The Official Seal of the city was still conceived from the "Tabak Ko" legend and was officially adopted through Municipal Council Resolution No. 29 on February 23, 1966.

==History==
===Spanish period===
According to the Estado Geografico Estadistico Historico written in 1805 by Father De Huerta, the recorded history of the city began in 1587 through the missionary work of the first Franciscan Fathers. In 1616, Fr. Pedro De Alcareso became the first permanent parish priest and established a church dedicated to St. John the Baptist, the patron saint of the city.

The first inhabitants settled along the seashore and engaged in fishing and crude farming. Due to the continuous attacks by the Moro raiders, the natives migrated to San Vicente and San Carlos, and started the foundation of the first poblacion in 1703, while the fishermen of the town transferred to the shores of the bay of what is now known as Barangay Cormidal. Under the administration of the first town executive, a church was built in Cormidal in 1731. Records on the elected Capitan municipal (town mayor) started only in 1731 with Martin Aguirre listed as the first mayor of Tabaco.

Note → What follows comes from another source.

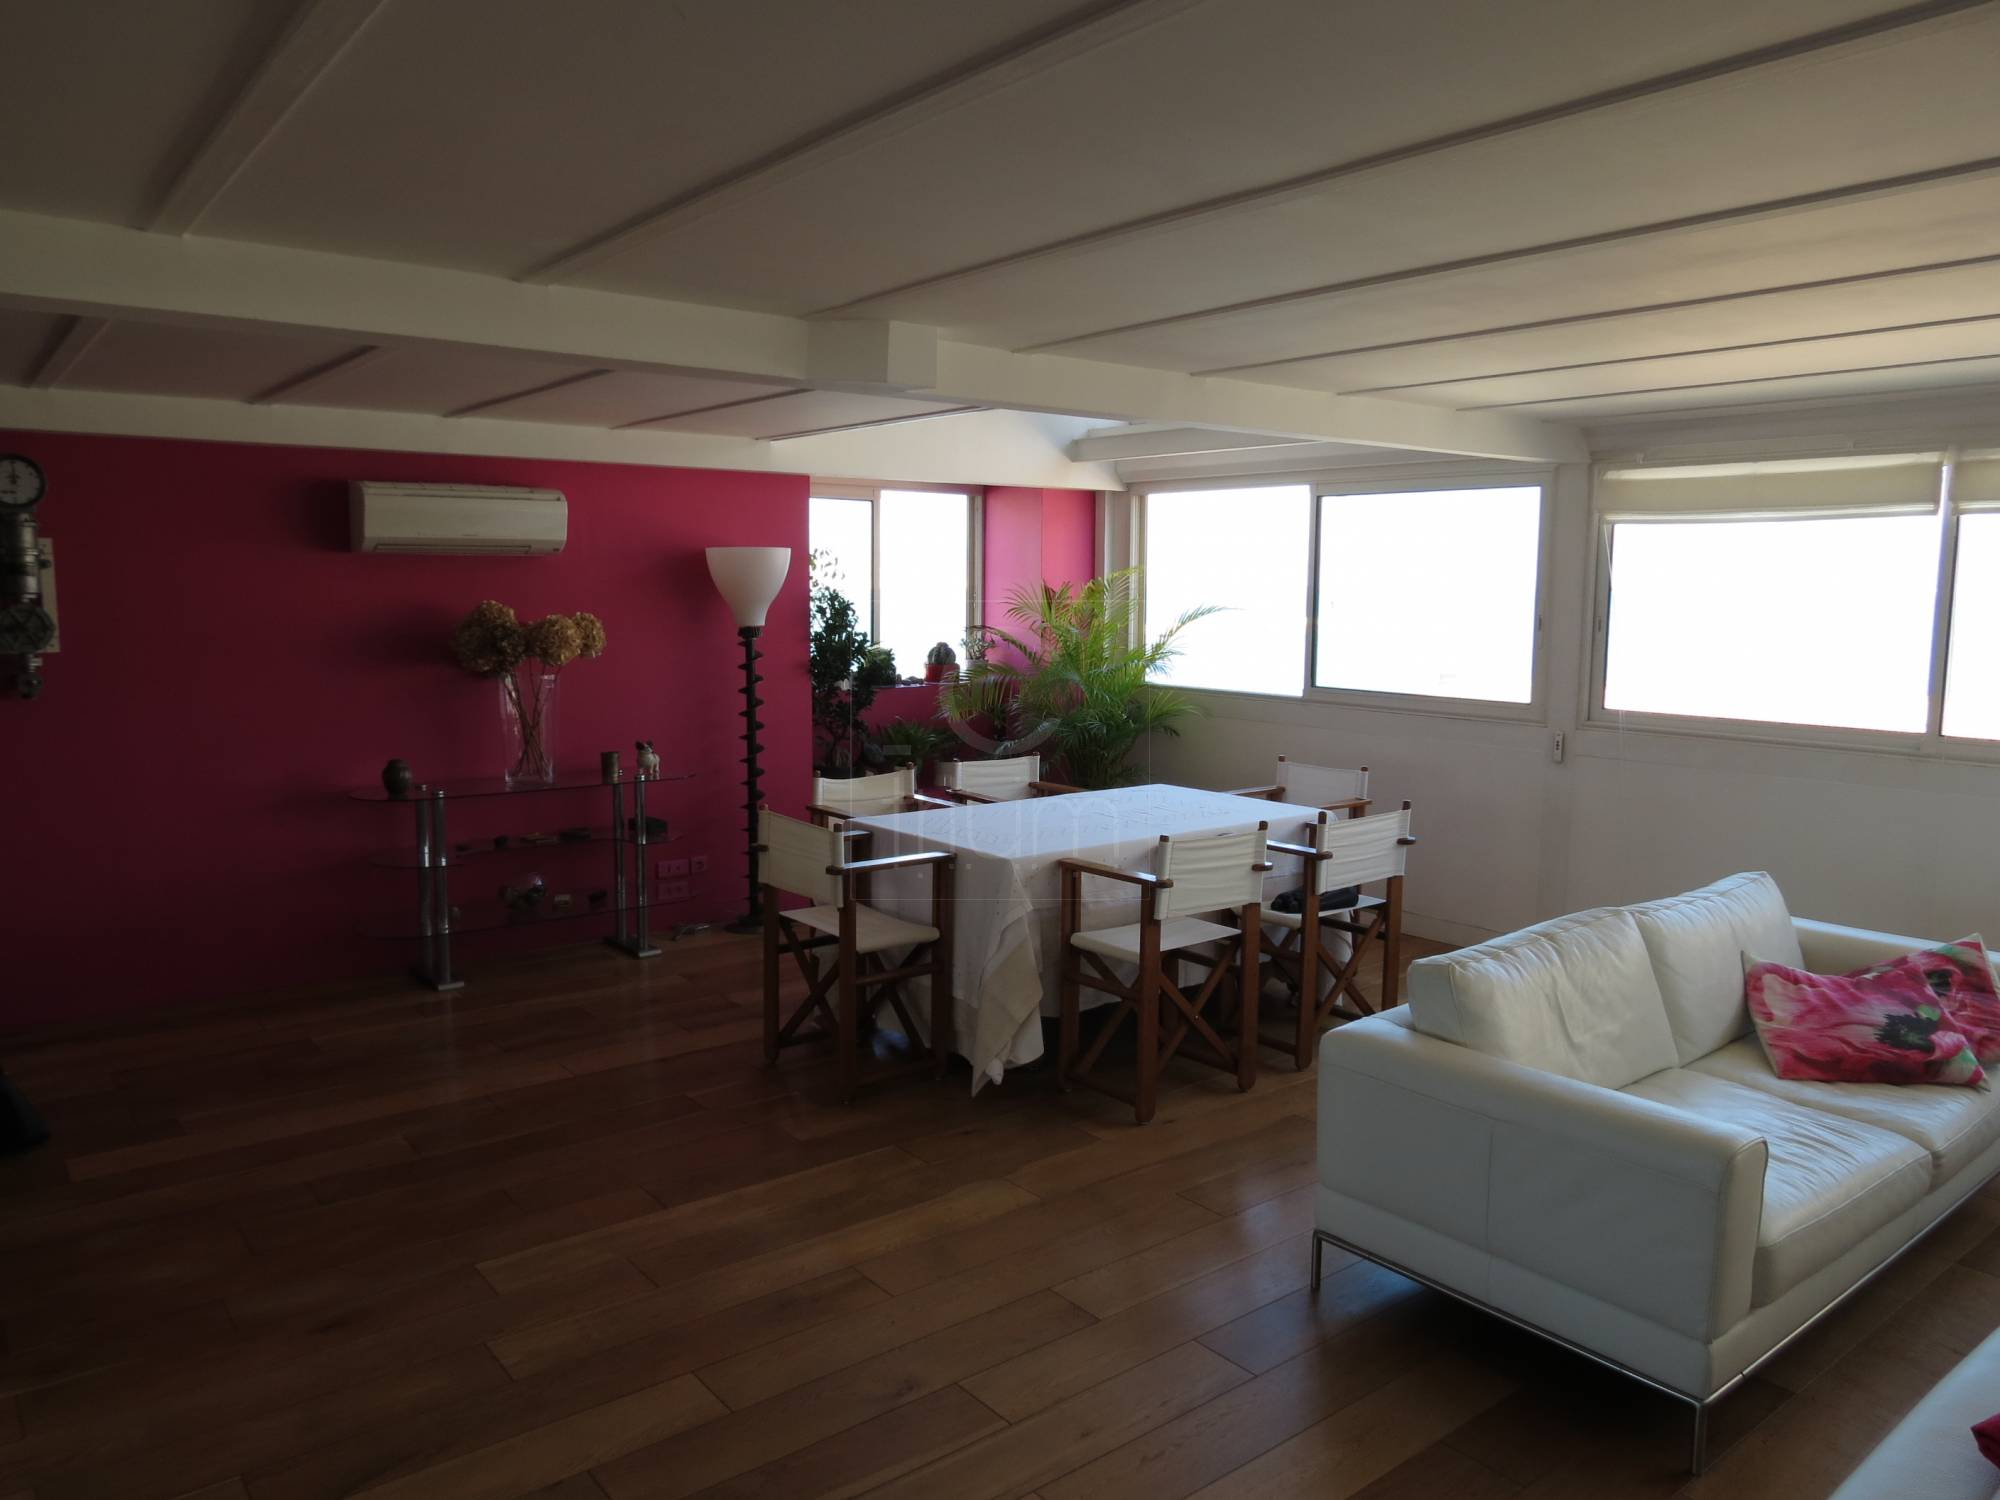 vente appartement t3 f3 marseille 7eme corniche duplex vue mer agence immobili re marseille 7 me. Black Bedroom Furniture Sets. Home Design Ideas

In 1811, a terrible typhoon called Baguiong Oguis or White Typhoon brought havoc to the town. This was followed in 1814 by the most destructive eruption of the Mayon Volcano, which showered the areas with ashes and stone. These two events rendered many residents homeless and left the fields unproductive for many years after. It took a full decade for the people to recover, at which time they built a cemetery and laid the foundation of the present church which was completed in 17 years.
The 1818 census showed 3,347 native families paying tribute and they were coexisting with 225 Spanish-Filipino families.

===American period and independence===
The Americans landed at Tabaco on February 9, 1900, under the command of Col. Walter Howe. Despite the well-documented courage and patriotism of the Tabaqueños, the residents of Tabaco, the superior armaments and well-trained soldiers of the American army hastened its conquest of Tabaco and adjoining towns, starting the American rule in the area.

With the restoration of peace after World War II, the Tabaqueños started rebuilding their lives and their land. By the time the Philippines gained independence in 1946, Tabaco was once again a thriving town.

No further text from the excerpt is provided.